Bottom line

The Agent Commerce API enables autonomous agents to execute transactions that produce cryptographically signed receipts — each validated against a signed policy document before authorization is granted.

Developer Guide

Agent Commerce API

How autonomous agents execute policy-governed transactions and receive cryptographically signed proofs — designed for compliance, auditability, and machine-readable verification.

What the API Does

The Agent Commerce API is the execution layer for autonomous agent transactions. An agent calls the API to initiate a payment; the system validates the request against the agent's current signed policy, authorizes the transaction if it complies, and returns a cryptographically signed receipt as the response.

This design separates the authorization logic (defined in the policy) from the execution layer (the API), so agents can transact autonomously within defined boundaries without requiring a human approval gate on each transaction.

The receipt returned by the API is a structured JSON object that includes the policy reference, transaction metadata, and a tamper-evident signature. See how receipts work →

Core API Concepts

Policy documents

Every agent operates under a signed policy document — a structured definition of what the agent may purchase, at what value, under what conditions, and for how long. Policies are signed by an authorized operator and referenced in every receipt the agent's transactions produce.

Transaction authorization

Before a payment is processed, the API validates the transaction parameters against the agent's active policy. If the transaction falls outside policy bounds (wrong vendor, excessive value, expired authorization window), the request is rejected and no payment occurs.

Signed receipt issuance

On successful authorization, the API issues a signed receipt that includes the policy ID, transaction amount, timestamp, recipient, and a cryptographic signature. The receipt is the auditable proof of the transaction — usable by compliance systems, financial auditors, and AI governance reviews.

Idempotency and retries

API requests include idempotency keys so that network retries do not produce duplicate transactions. Each idempotency key maps to at most one issued receipt.

Integration Patterns

Agent Commerce integrates at the point where an autonomous agent decides to initiate a transaction. In practice, this means the API call happens inside the agent's decision loop — after the agent determines what to purchase but before it executes payment.

Direct agent integration

The agent SDK includes the Agent Commerce API client. The agent calls the API directly as part of its action loop. Receipts are stored by the SDK and surfaced via the compliance dashboard.

Middleware proxy

For agents that cannot directly call external APIs, a middleware layer intercepts outbound payment requests, validates them against the policy, forwards authorized ones, and attaches the signed receipt to the transaction log.

Event-driven pipeline

Agents emit payment intent events to a queue. A consumer service calls the Agent Commerce API, receives receipts, and writes them to an audit ledger. Useful for high-frequency or batch transaction patterns.

Human-in-the-loop escalation

The API can be configured to require human approval for transactions that approach policy limits. Escalation events are emitted before the policy boundary is crossed, not after.

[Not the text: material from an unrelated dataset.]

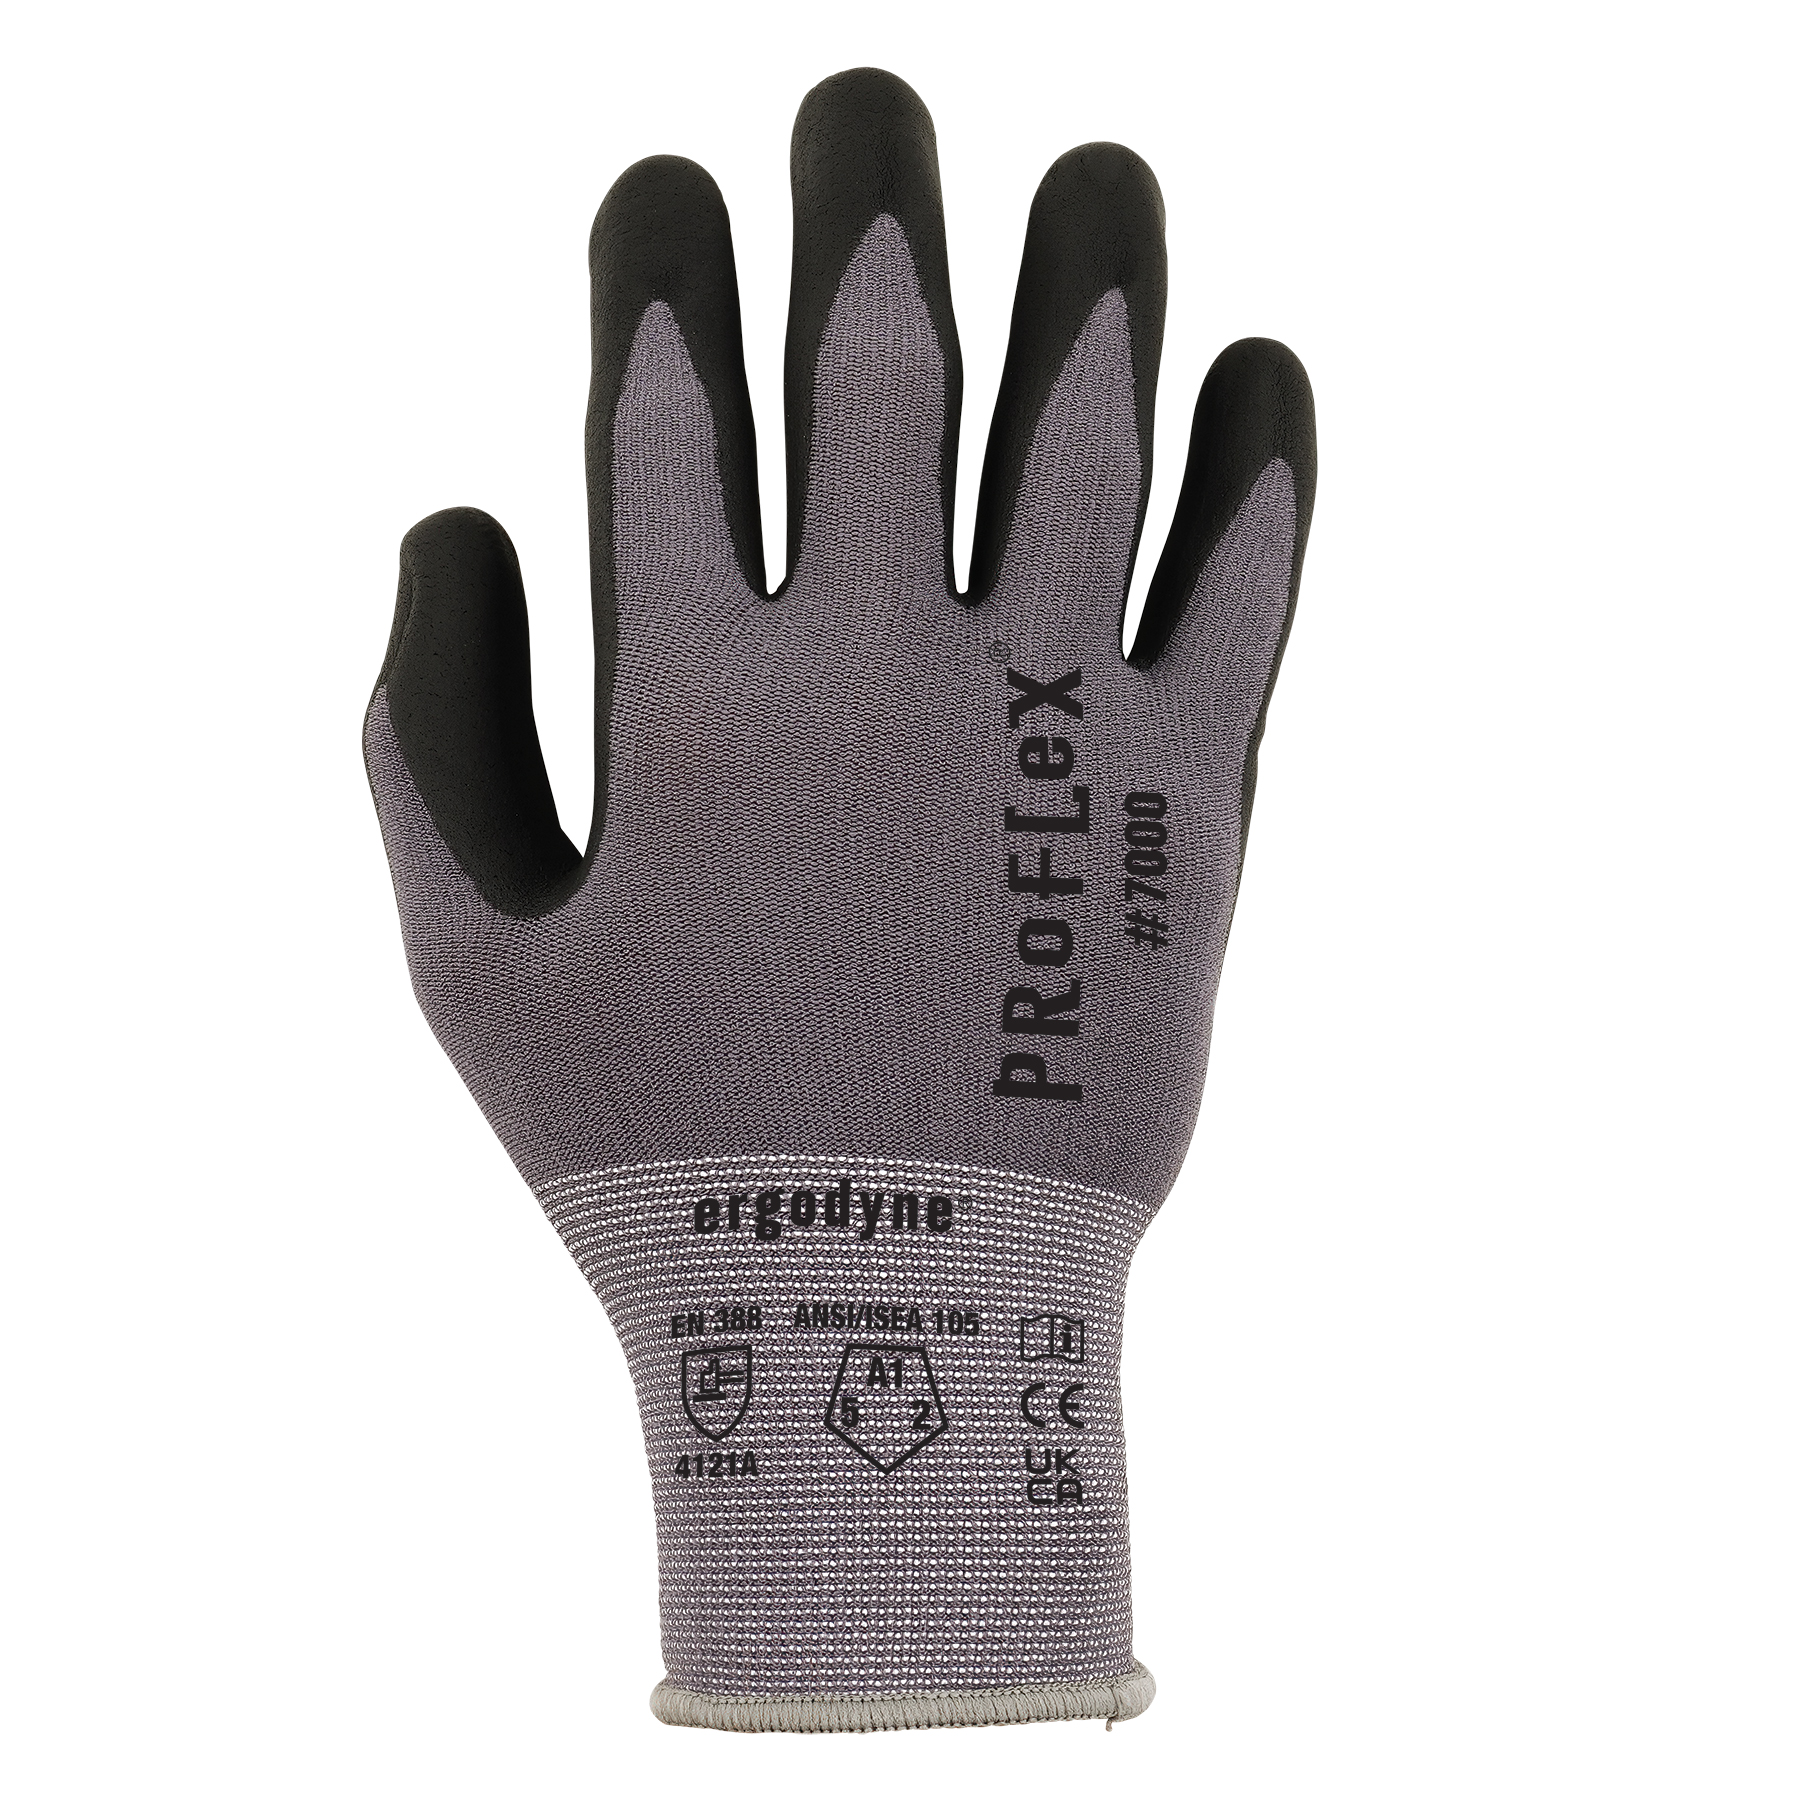 https://www.ergodyne.com/sites/default/files/product-images/10371-7000-nitrile-coated-gloves-microfoam-palm-grey-dorsal_0.jpg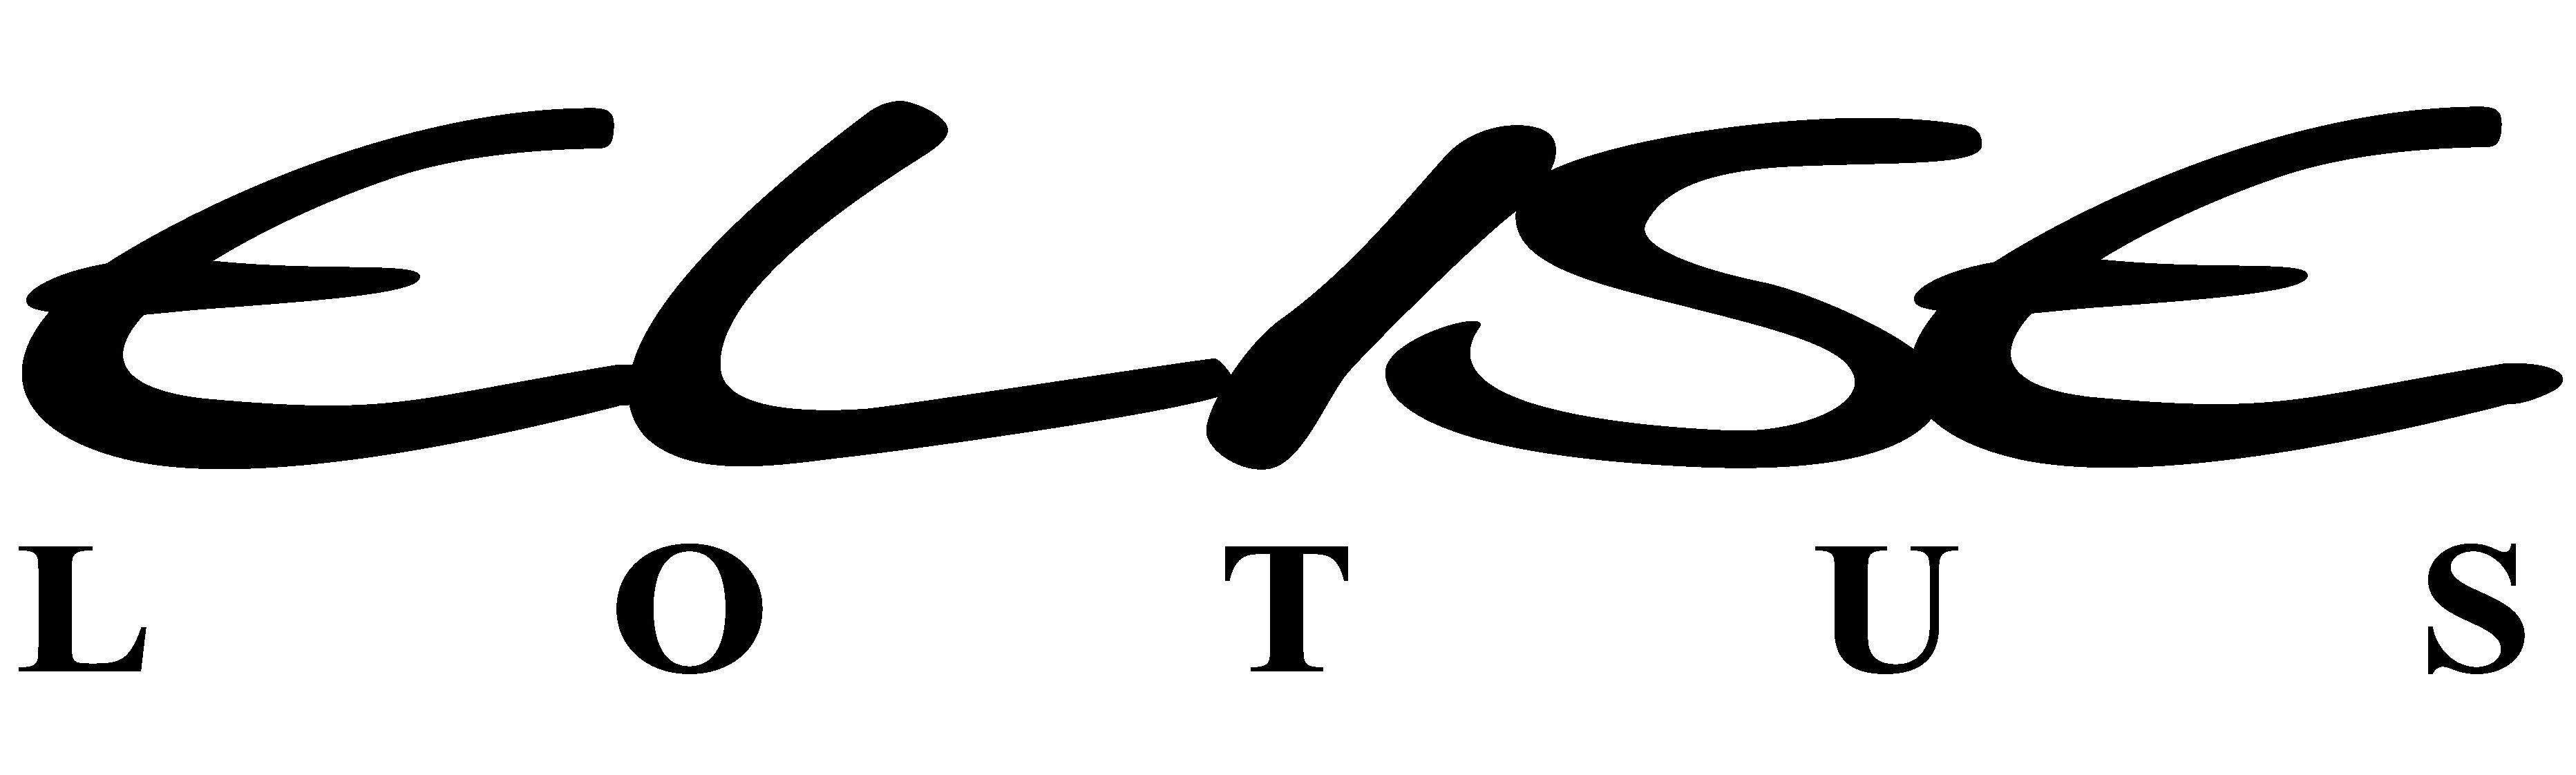 Lotus Car Logo - Lotus related emblems | Cartype

Frequently Asked Questions

What does the Agent Commerce API do?

The Agent Commerce API lets autonomous agents execute transactions that produce cryptographically signed receipts. Each API call includes policy authorization, transaction details, and a receipt payload that is machine-readable and independently verifiable.

How does the API handle policy enforcement?

Policies are defined as signed documents that specify what an agent may purchase, at what value, under what conditions. The API validates each transaction against the agent's current policy before authorizing payment, and the policy reference is embedded in the signed receipt.

What receipt format does the API produce?

Receipts are structured JSON objects with cryptographic signatures, policy references, transaction metadata, and a timestamp chain. They are designed to be ingested by compliance systems, audit tools, and financial reconciliation pipelines.